Politics aside, the plan is highly detailed for one that the Administration will try hard not to invoke. Every one of the nation's 118 to 120 million licensed drivers over the age of 18 would be mailed a card entitling him or her to buy a month's supply of ration coupons, most likely at a bank or post office. Price: $1 per packet, to defray the $1.4 billion annual cost of the program. The basic ration would be a rather spartan 32 to 35 gallons a month, enough to permit only about 100 miles of driving a week in the average American car.

Rations would fluctuate, however, according to several factors: they would be lower for people who live close to good public transportation than for drivers who live in areas like Los Angeles and have to commute many miles to work. Three percent of all coupons would be held in reserve in each state to be distributed to "hardship" cases. Some 5,000 local rationing boards would make the specific decisions on who gets how much. Most important for the average motorist, there would be a legal free market in coupons: a driver could sell any coupons he did not need, and another driver could buy them, just as black marketeers did illegally during World War II. The price of extra coupons would be set by supply and demand, and that would be in addition to whatever price the buyer eventually paid for the gas itself.

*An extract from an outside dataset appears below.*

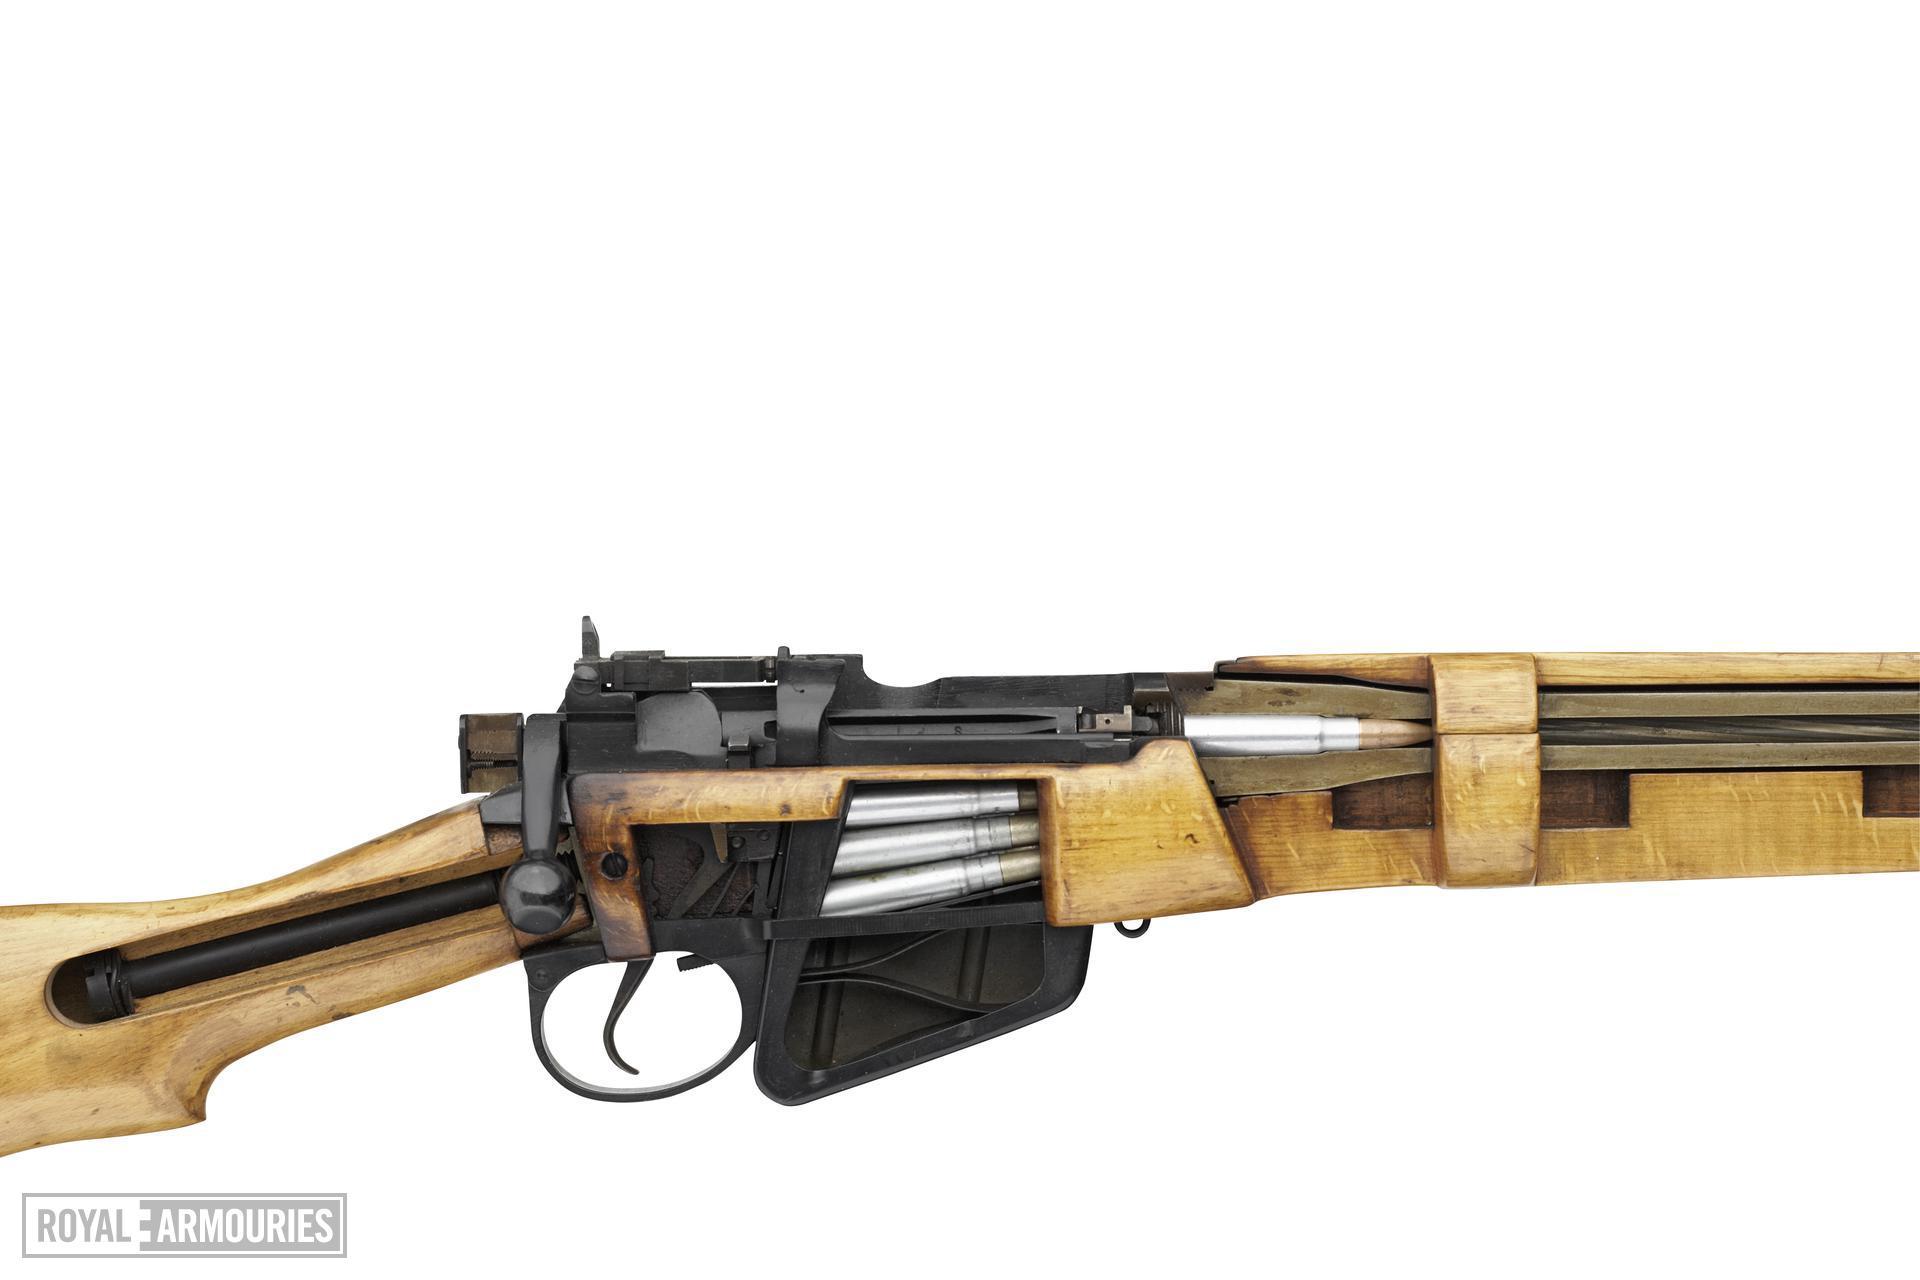 Centrefire bolt-action military skeleton rifle - Lee-Enfield No.4 Mk.I/II Skeleton

The plan is complete down to some intricate details designed to avert cheating and frustrate would-be black marketeers. The ration coupons will be about a third the size of a dollar bill and, like currency, they will be printed by a difficult-to-counterfeit intaglio process. When a driver bought gas and handed over his coupons at the pump, he would have to sign his name and write his license-plate number on each one, so that they could not readily be reused. The coupons would be good for only 60 days, so that speculators would be discouraged from hoarding large quantities on the hunch that coupon values would rise.

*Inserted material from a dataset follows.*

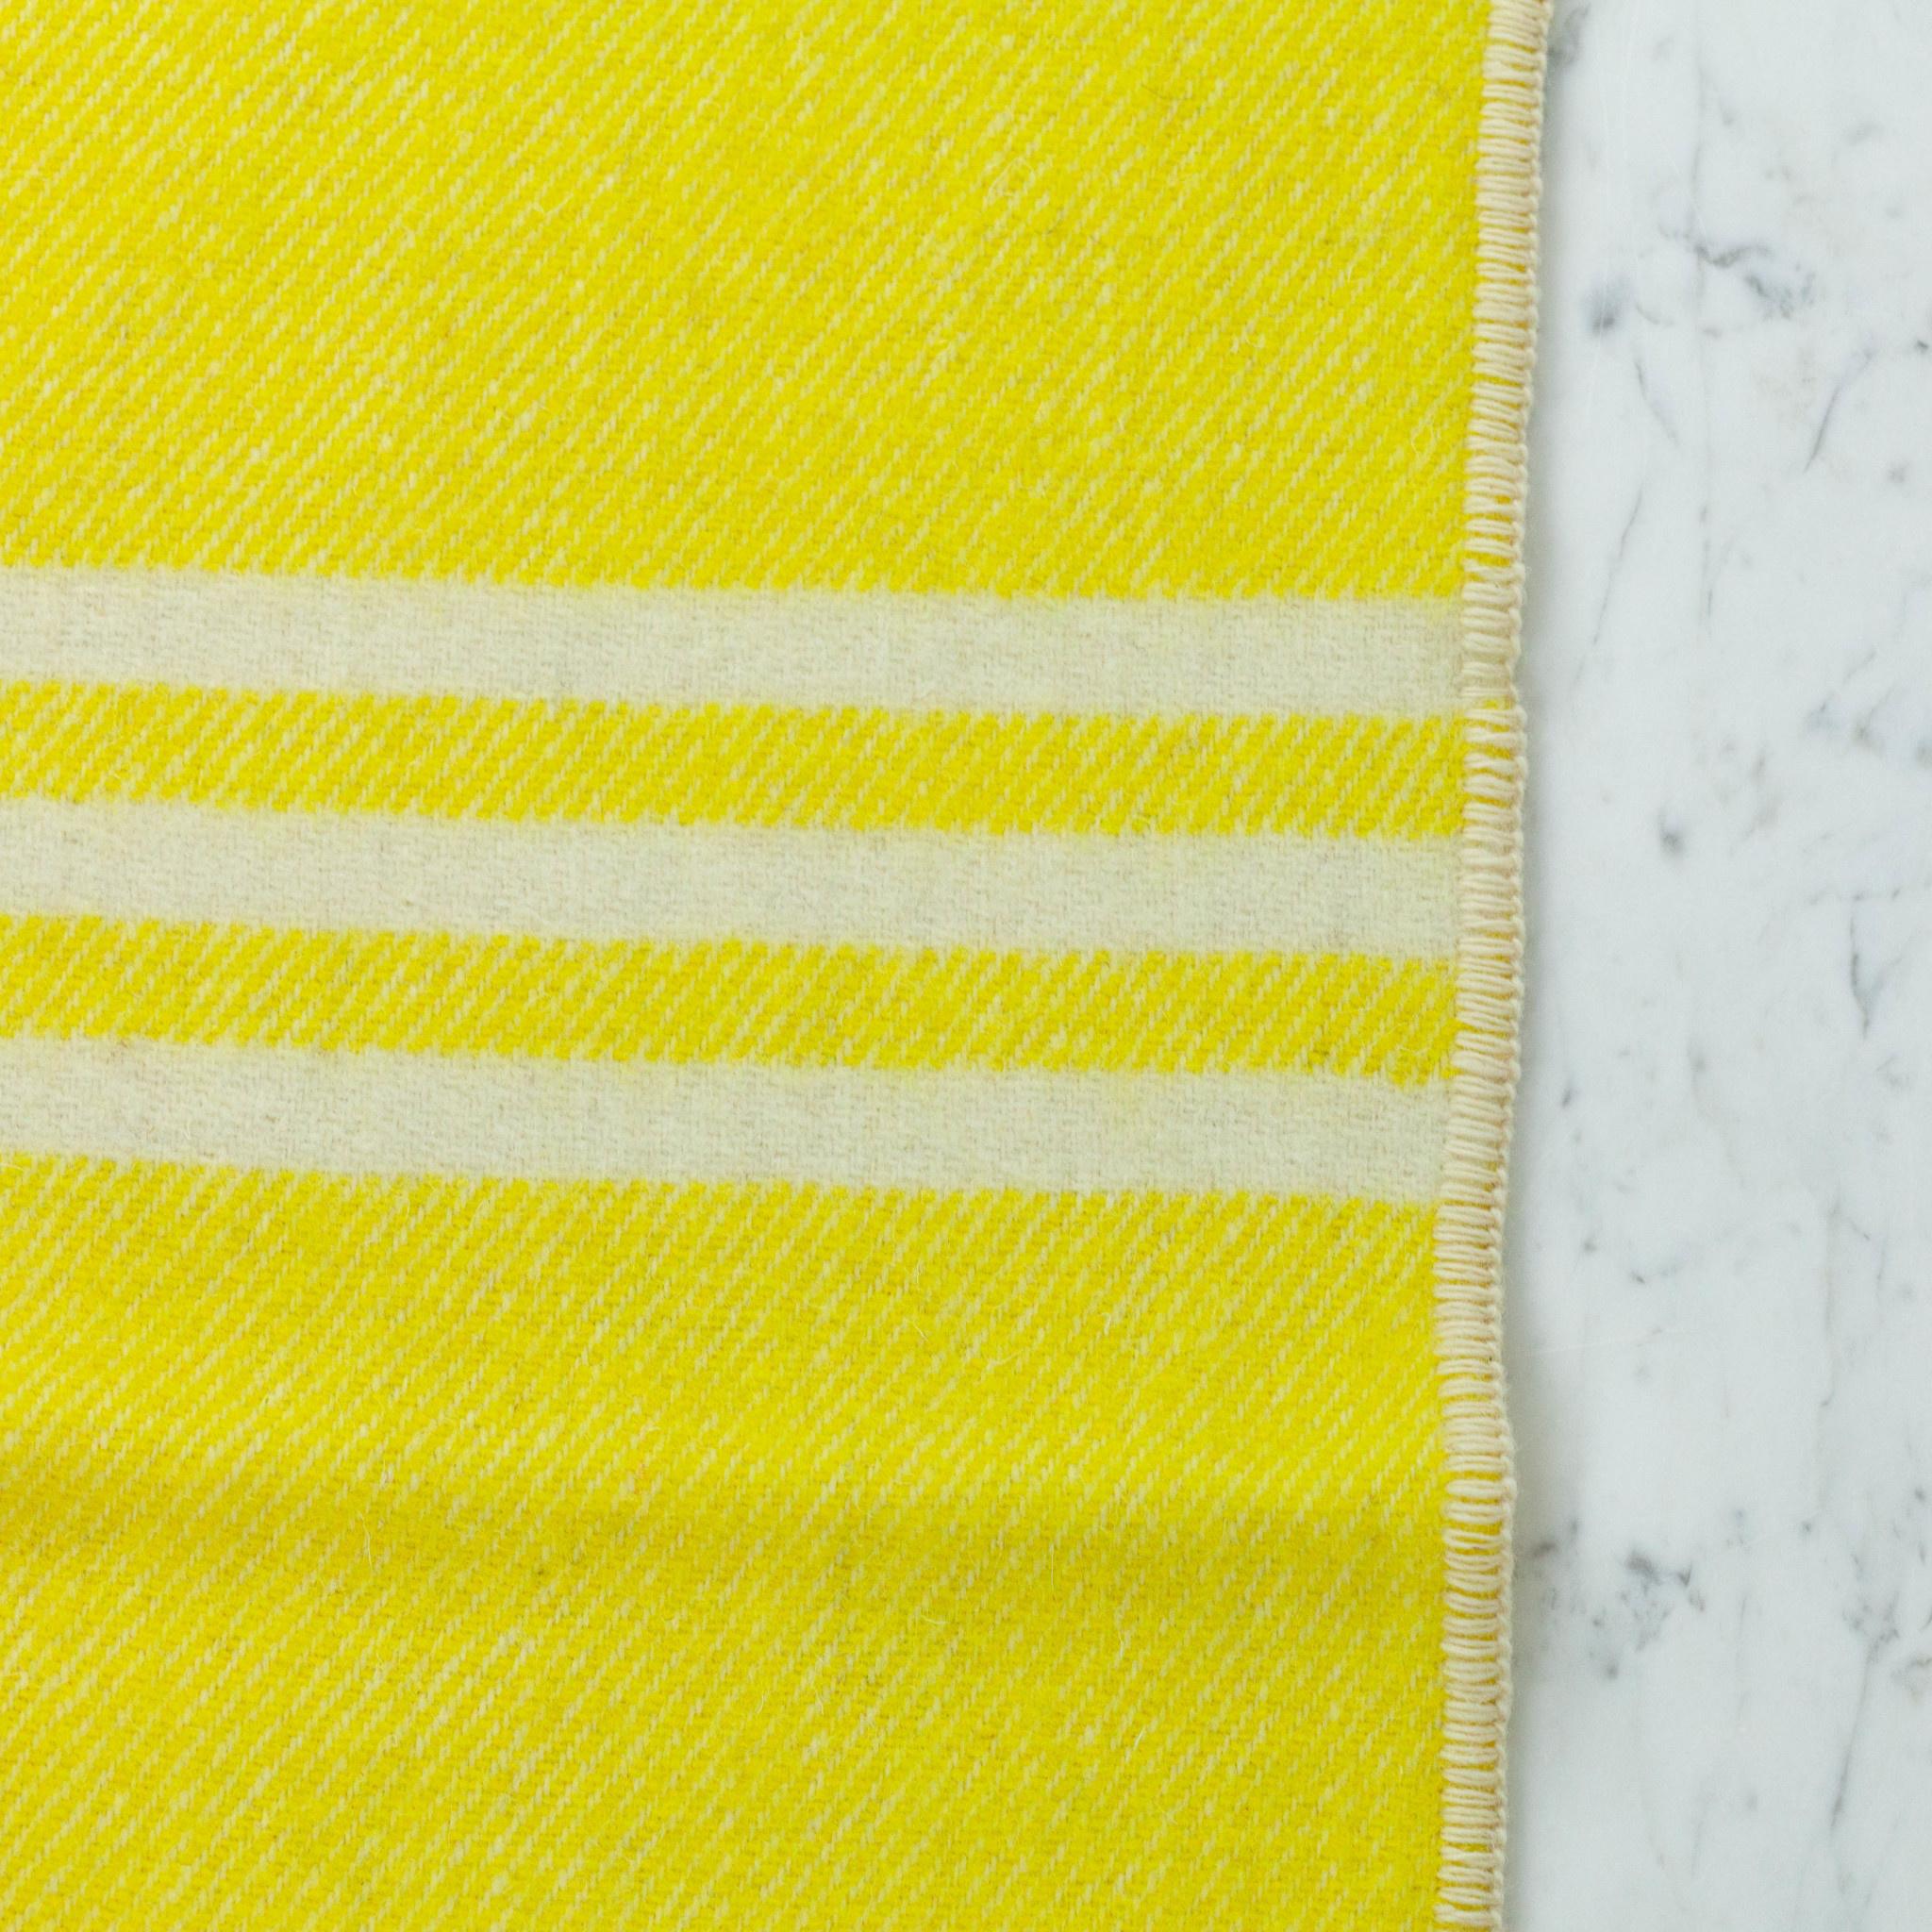 "MacAusland MacAusland Wool Lap Blanket - Yellow Tweed - 50 x 60"""

Most economists think that the plan is about as fair and potentially effective as any that could be devised, given the inherent inequities of any rationing system. The big question, of course, is whether it will ever be put into effect.

Last Resort. Simon hopes not. Under final fuel allocation regulations announced last week, he will order refineries to cut production of gasoline in order to shift more capacity to heating oil and products for industry. Still, gasoline consumption will not have to be reduced 30%, as the Administration once feared. Supplies to gas stations instead will be cut 20% below expected demand. Simon continues to predict that voluntary conservation measures will lower consumption sufficiently. In fact, though, such measures as gasless Sundays and lower speed limits so far have reduced gasoline use only 7.2%. Simon himself warns that the appearance of "three-or four-hour lines" at gas pumps could force actual rationing, and such lines indeed formed in some areas over the Christmas holidays.

In any case, the Administration continues to view rationing as a last resort. Before ordering it, Simon is likely to try several other measures: perhaps gasless Saturdays, perhaps a complicated system of colored windshield stickers designed to keep every car off the road one day a week. Red, for example, might mean no driving Monday.